At no time following adoption of the rules in subsection (k) may a bank or bank holding company be permitted to be or become a swap entity unless it conducts its swap or security-based swap activity in compliance with such minimum standards set by its prudential regulator as are reasonably calculated to permit the swaps entity to conduct its swap or security-based swap activities in a safe and sound manner and mitigate systemic risk.

In prescribing rules, the prudential regulator for a swaps entity shall consider the following factors:

(1) The expertise and managerial strength of the swaps entity, including systems for effective oversight.

(2) The financial strength of the swaps entity.

(3) Systems for identifying, measuring and controlling risks arising from the swaps entity’s operations.
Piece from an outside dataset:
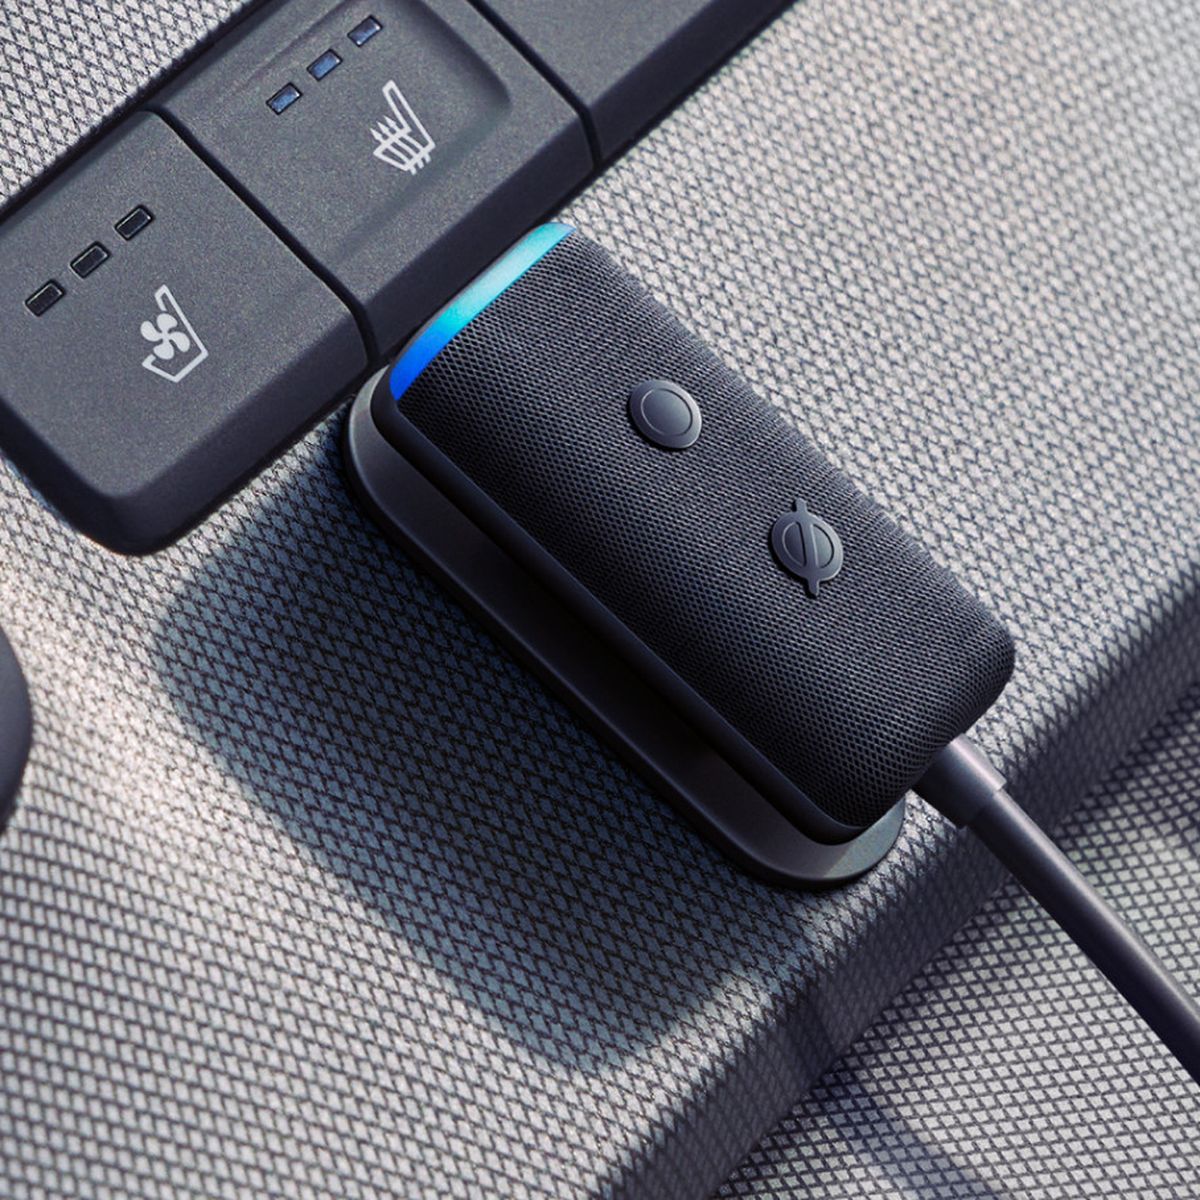 Echo Auto (2.ª gen.)  Alexa en tu coche : : Otros Productos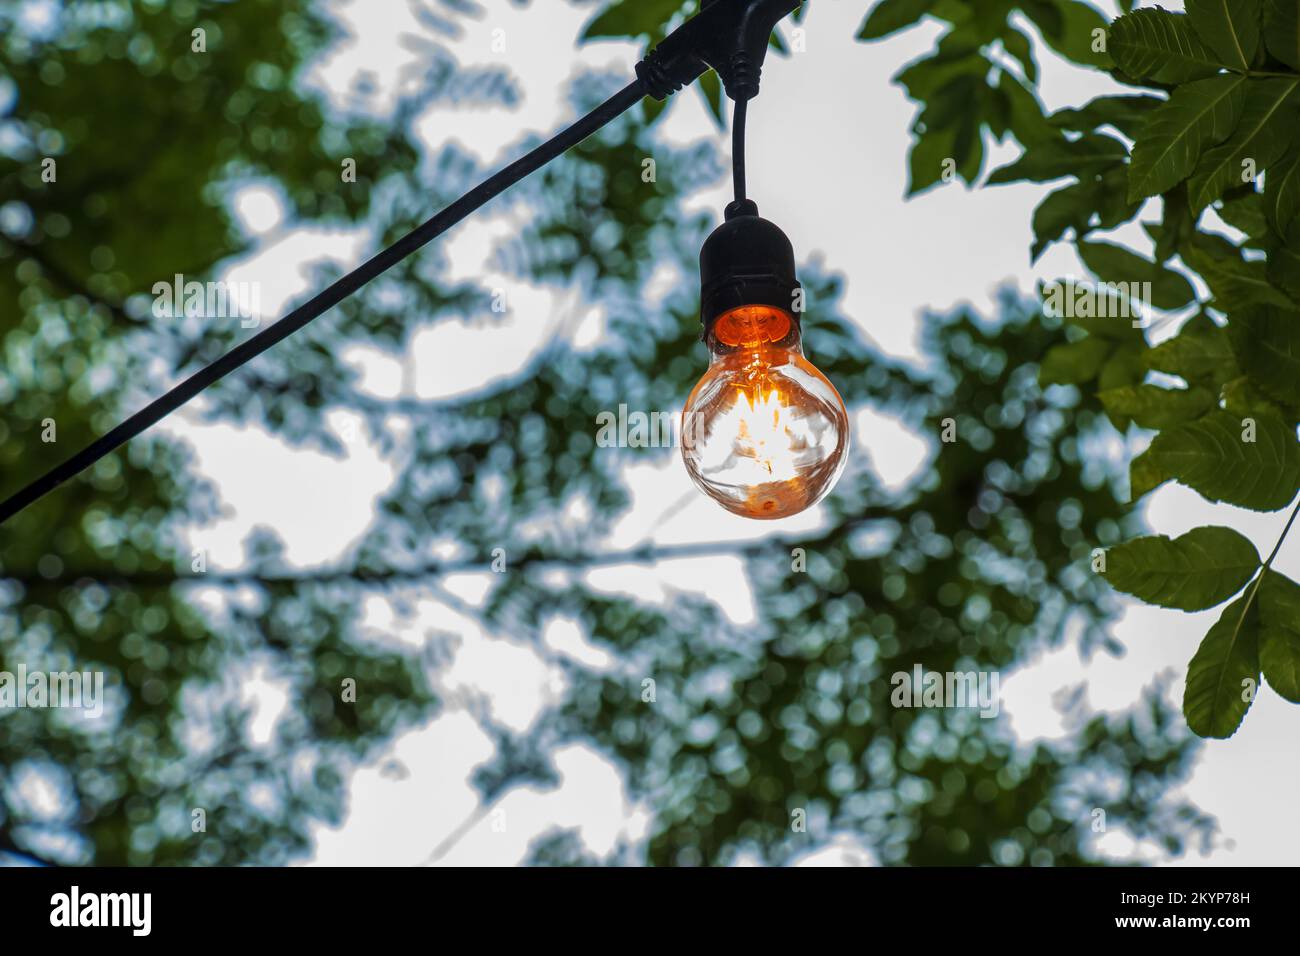 Une ampoule allumée est suspendue sur un arbre dans le jardin. Décoration  de jardin festive Photo Stock - Alamy

(4) Systems for identifying, measuring and controlling the swaps entity’s participation in existing markets.

(5) Systems for controlling the swaps entity’s participation or entry into in [3] new markets and products.

The Financial Stability Oversight Council may determine that,[4] when other provisions established by this Act are insufficient to effectively mitigate systemic risk and protect taxpayers, that swaps entities may no longer access Federal assistance with respect to any swap, security-based swap, or other activity of the swaps entity. Any such determination by the Financial Stability Oversight Council of a prohibition of federal assistance shall be made on an institution-by-institution basis, and shall require the vote of not fewer than two-thirds of the members of the Financial Stability Oversight Council, which must include the vote by the Chairman of the Council, the Chairman of the Board of Governors of the Federal Reserve System, and the Chairperson of the Federal Deposit Insurance Corporation. Notice and hearing requirements for such determinations shall be consistent with the standards provided in title I.

An insured depository institution shall comply with the prohibition on proprietary trading in derivatives as required by section 619 of the Dodd-Frank Wall Street Reform and Consumer Protection Act [12 U.S.C. 1851].

(Pub. L. 111–203, title VII, § 716, July 21, 2010, 124 Stat. 1648; Pub. L. 113–235, div. E, title VI, § 630, Dec. 16, 2014, 128 Stat. 2378.)